Mundialización

Para bien y para mal, estamos mundializados. No cabe la vuelta al campanario, que promueven los soberanistas de aquí y allá, tampoco el repliegue que enuncian, asustados, algunos ecologistas, ni siquiera las proclamas antiglobalización, en lectura más bien economicista, tan del gusto de alguna izquierda. Si algo faltaba para ponerlo crudamente en evidencia, ahí está la Covid-19.

Resulta patético y en el fondo alarmante, que al mismo virus respondan los países con políticas dispares, sino contradictorias y hasta antagónicas: confinamiento total en España, parcial en China, test e inteligencia artificial en Corea, rechazo a todo confinamiento en Suecia… Sin duda, las culturas nacionales tendrán algo que ver en todo esto. Seguro que el catolicismo, el protestantismo, el confucionismo o el islamismo deben influir en la manera de hacer frente a una pandemia. Pero son otros factores, más pedestres, los que priman en la toma de decisiones de los gobiernos.

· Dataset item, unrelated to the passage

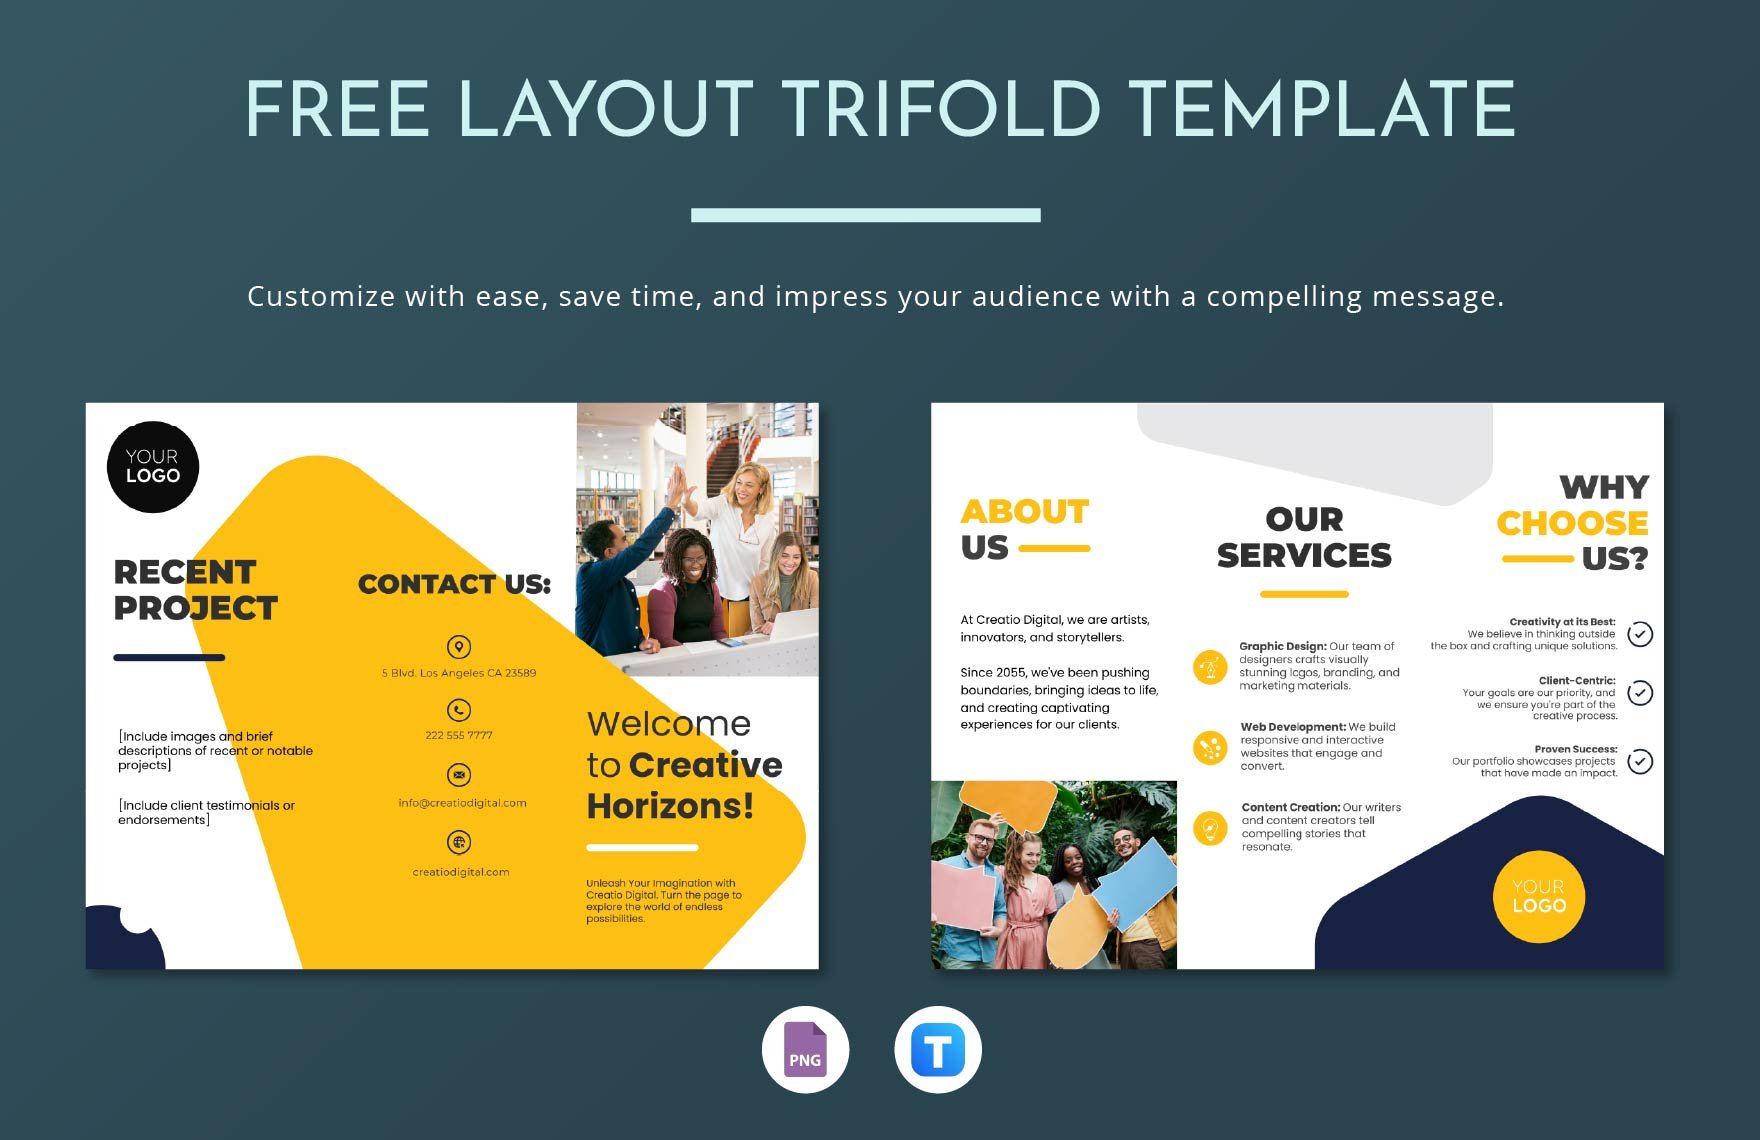 Free Layout Trifold Template
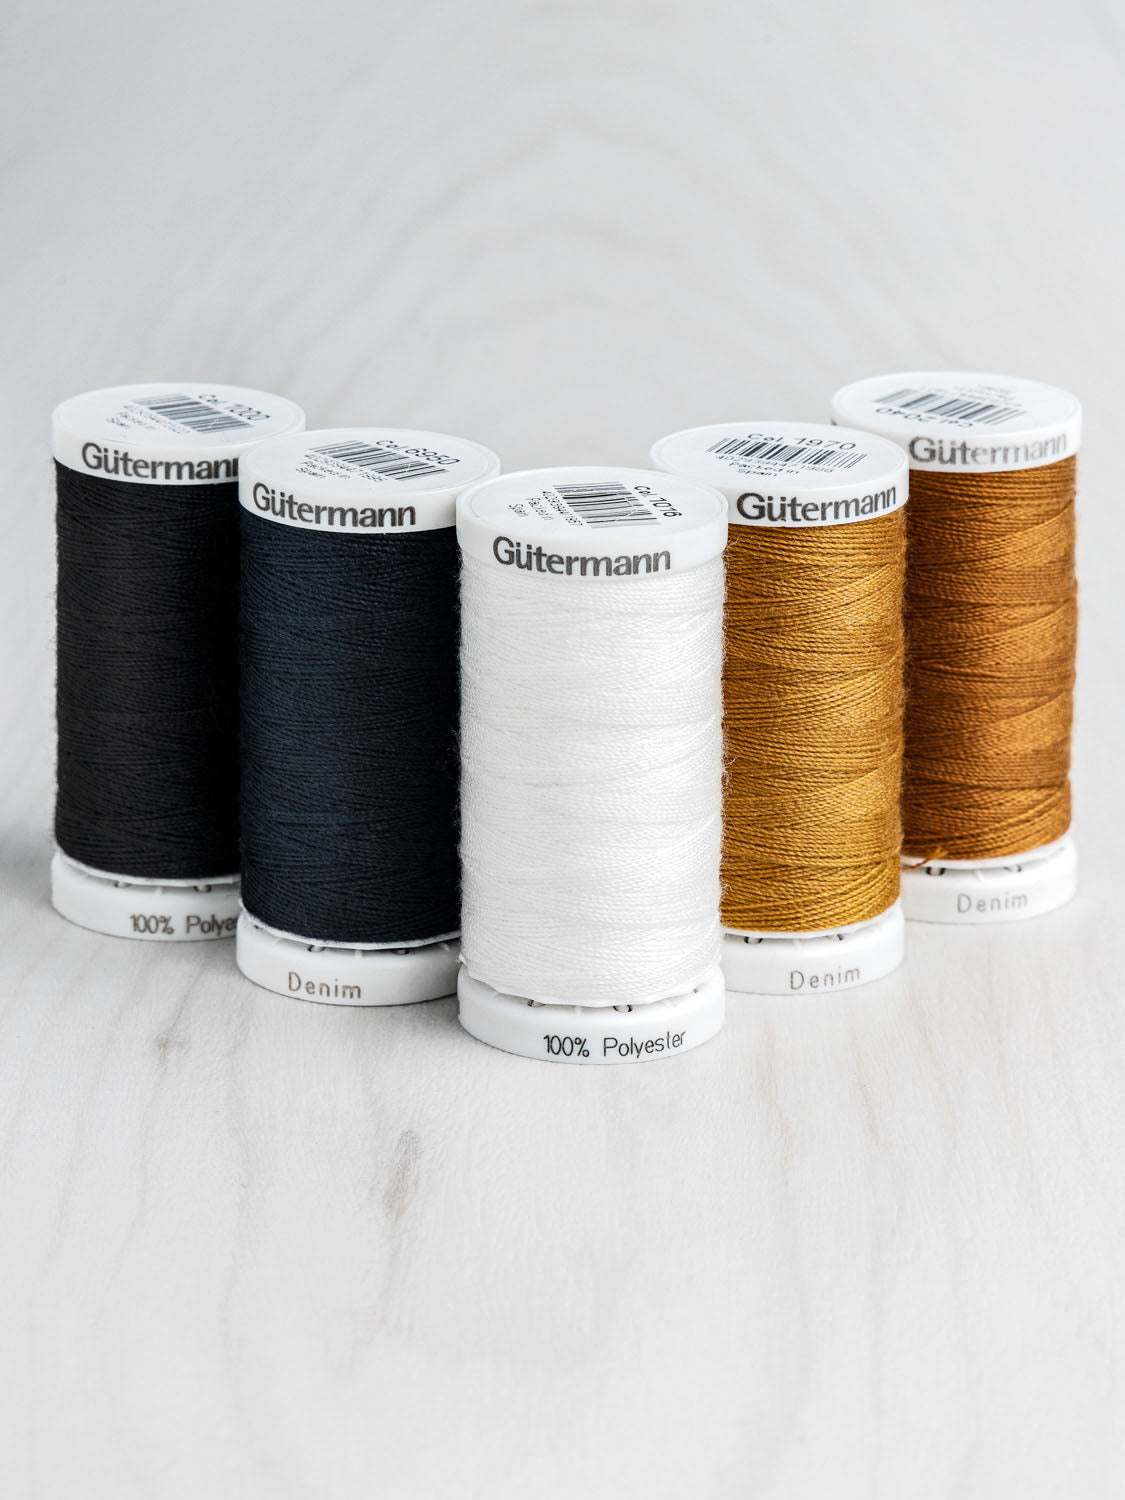 Jeans Thread 100 Yards-Gold

Por ejemplo, el hecho de ser conservador o progresista, nacionalista o federalista, autoritario o liberal, etc. etc. Además, desde luego, de cuestiones personales, que tan plásticamente exhiben Donald Trump, Jair Bolsorano o el rey de Tailandia, sin ir más lejos, que pueden llegar a ser determinantes, como la historia pone de manifiesto.

En cualquier caso, no se puede obviar la fragmentación de las medidas adoptadas ante la crisis (allí donde se han tomado) no desprovistas de postureo, como el de Emmanuel Macron cuando dice que “estamos en guerra”, o de intereses innombrables, como los que subyacen tras la cantinela de Joaquim Torra. Siempre marcadas por los egoísmos, la concurrencia… y el impulso  ancestral y machista de marcar paquete. A la demanda objetiva y perentoria de medidas armónicas, coherentes, compartidas…, a escala global, solo responde un escalofriante vacío. Ni las Naciones Unidas, ni el G-7, ni siquiera la Unión Europea han estado a la más mínima altura de lo que las circunstancias reclaman. No se trata de una cuestión de agencias, como la OMS (que, por cierto, tiene menos presupuesto que la fundación de Bill Gates), ni de hacer valer que las materias sanitarias son en la UE competencia de los Estados. El asunto estriba en que los gobiernos y sus presidentes hablen y se pongan de acuerdo para tomar decisiones políticas concertadas.

No faltan, como apunta Laurent Joffrin, comentarista político de Libération, quienes achacan a la mundialización y a la intensificación de los intercambios (incluido, claro, el turismo) la propagación del virus. No tienen estos patriotas anti-mundialización en cuenta que en el pasado las epidemias eran muchísimo más letales. El último precedente, el de la “gripe española”, de 1918, se llevó por delante más de 40 millones de personas. Olvidan, además, entre otras muchísimas cosas, que es gracias a la mundialización que se han desarrollado las ciencias médicas y los remedios contra las enfermedades. Tanto, que habíamos perdido la memoria histórica de las pestes, hasta considerarlas cosas del pasado y sentirnos inmunes.

La mundialización de los problemas, no solo de carácter sanitario o concretamente relacionados con la Covid-19, sino de otros muchos, como la carbonización atmosférica, la contaminación generalizada del planeta, las guerras…, conlleva, o así debería ser, soluciones también mundiales, globales que, ineludiblemente, pasan por el acuerdo, la colaboración, el pacto. No solo puntualmente, cuando se le ven las orejas al lobo, sino de modo permanente. Porque no se trata solo de cooperar, sino de hacerlo de manera reglada, estableciendo mecanismos ad hoc, dotados de poder político, de poder real de decisión. En pocas palabras, ha llegado la hora del federalismo “urbi et orbi”. De lo contrario, sigamos, obstinados, la senda del Judío Errante, y que Dios nos coja confesados.